John’s nightmare began on February 15, 1962, when he awoke to the sound of his wife’s screams and their four month old son Steven lifeless in his cot.


John and Betty were questioned on suspicion of his murder before a pathologist ruled Steven had died from bronchopneumonia - a condition he showed no symptoms of. The coroner’s report suggested his son’s lungs may not have formed properly. The deeply traumatised couple could not bear to leave their later children unattended.


As John’s granddaughter Laura prepares to have a baby of her own, John is terrified for the well-being of the new baby. Diagnosed with pernicious anaemia at the age of 26, John has been refused a war pension even though the condition is common in radiotherapy patients. John remembers five blood tests, but all are missing from his medical records.



Archie Hart, 87 Warrington, Cheshire


Archie Hart, speaks for the first time on television about his experience as part of the crew of HMS Diana, the MoD’s designated ‘guinea pig’ ship which in 1956 was ordered to sail through the fallout of two atomic clouds for eight hours at a time.


The vessel was part of an MoD experiment to test the effects of an atomic explosion on the ship and its 280 crew.


“They would have us believe that this nuclear fallout was just a gentle rain from heaven... It wasn't. It was toxic and it was deadly.


It was ionising radiation. Everybody on that ship were used. You weren't given a choice in this. And if that's not being used, tell me what is.”


Archie speaks about the physical toll on his body and shows his many lipomas in the documentary. He has around 150 on his body. In his 60’s Archie had a large chunk of his bowel removed after an aggressive cancer.
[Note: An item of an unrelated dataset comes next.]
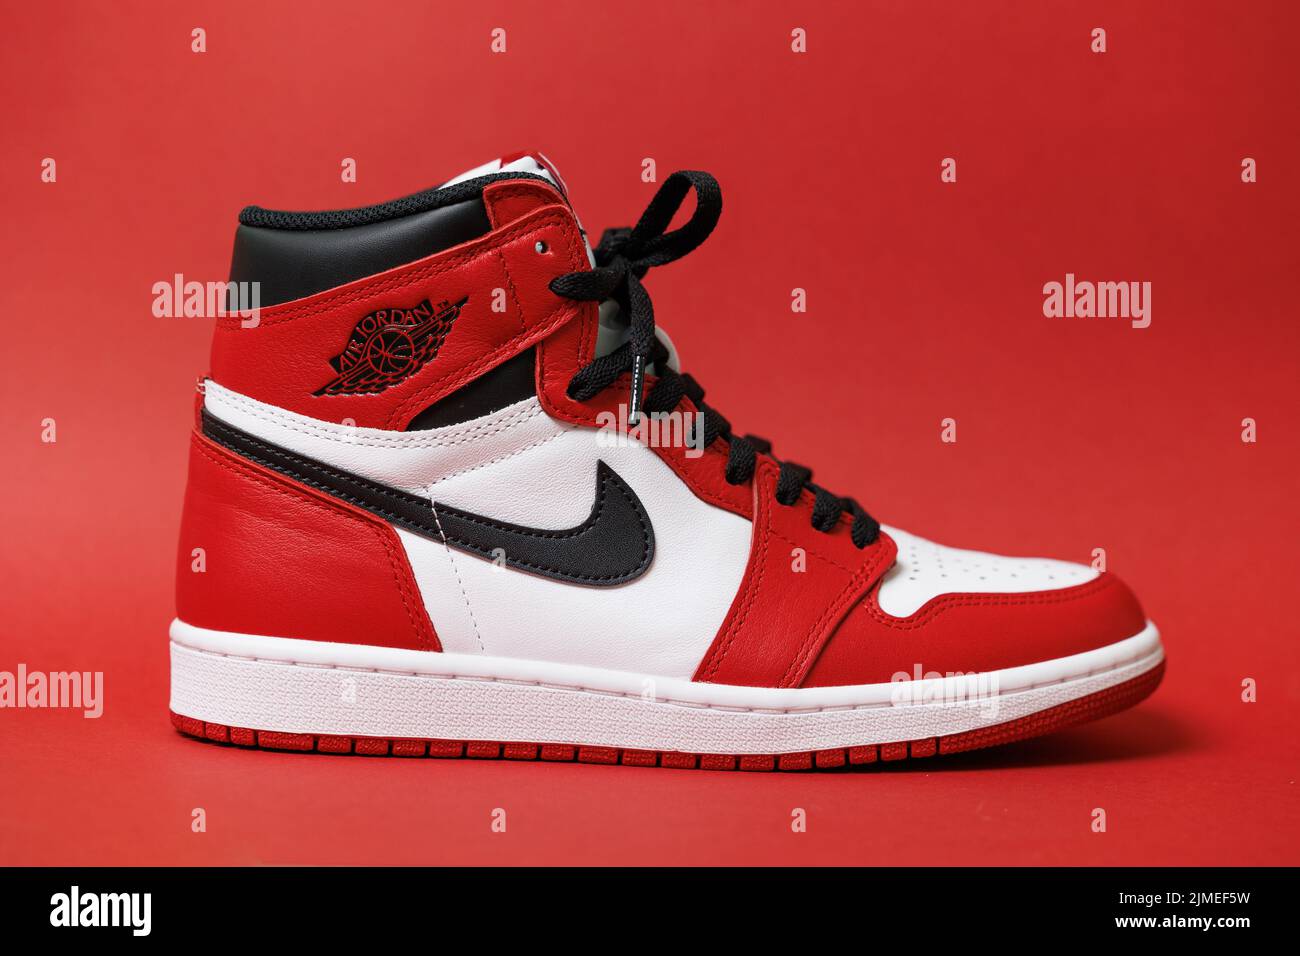 Nike air jordan 1 hi-res stock photography and images - Alamy

Alan Owen, 53 Carmarthen, Wales


Alan Owen is the son of James Owen, who served on Christmas Island as part of a series of US tests codenamed Operation Dominic. Alan’s father died of a heart attack aged 52.


Eighteen months later, Alan’s brother, aged 31, died of the same heart condition. His sister Laura was born blind in one eye and has had tumours removed from her face. Alan, who founded LABRATS, himself suffered a cardiac arrest two years ago.


“I was gone for eight minutes. Unfortunately my son witnessed the whole thing. He was 15 years old. I worry about my son. I worry about kids that he may have. It’s a theme that runs through all of us. We’re constantly living in the shadow of the bomb.”



Susie Boniface Investigative Journalist - Tonbridge, Kent


Investigative journalist Susie Boniface has reported on the nuclear war veterans for almost 20 years, in what she says has been Britain’s longest-running newspaper campaign.


After helping the veterans win a medal, Susie uncovered missing medical records in 2022. This year (2024) her reporting forced the Atomic Weapons Establishment to publish 4,000 pages of top-secret documents about the medical examinations carried out, including orders for thousands of men across all three armed forces to be included, raw blood test data and evidence of MoD officials misleading government ministers and the public by denying the testing ever took place. It has led to a fresh legal claim which she believes is the veterans’ last hope of justice.


“What they had said all the time, that they were guinea pigs and lab rats - was right. They were experimented on as human beings during the entire course of the nuclear weapons tests.”



Avon Hudson, 86 Ex-Australian Serviceman - Balaklava, South Australia


Avon Hudson is the ex-Australian serviceman turned whistleblower who exposed the extent of contamination left by the British at the Maralinga test sites.


When Avon spoke to the ABC in 1976, he risked years in prison for breaching the Official Secrets Act. Speaking out was a turning point, bringing political attention to the scandal which led to the Australian government granting a Royal Commission in 1984.



Karina Lester Adelaide, South Australia


Karina Lester’s father Yami was the first person to tell the world what happened at Operation Totem, when a bomb led to a toxic black mist which poisoned waterholes.



It left Yami blind and allegedly killed dozens of indigenous Pitjantjatjara and Yankunytjatjara people. Karina continues her father’s mission.



Professor Kevin Ruane Canterbury, Kent


Professor Ruane specialises in twentieth-century international history, in particular the Cold War and the Nuclear Age.


Professor Ruane speaks about how the race to beat a worldwide nuclear test ban led to Britain compromising safety standards in its hydrogen bomb-building programme in Australia and the South Pacific.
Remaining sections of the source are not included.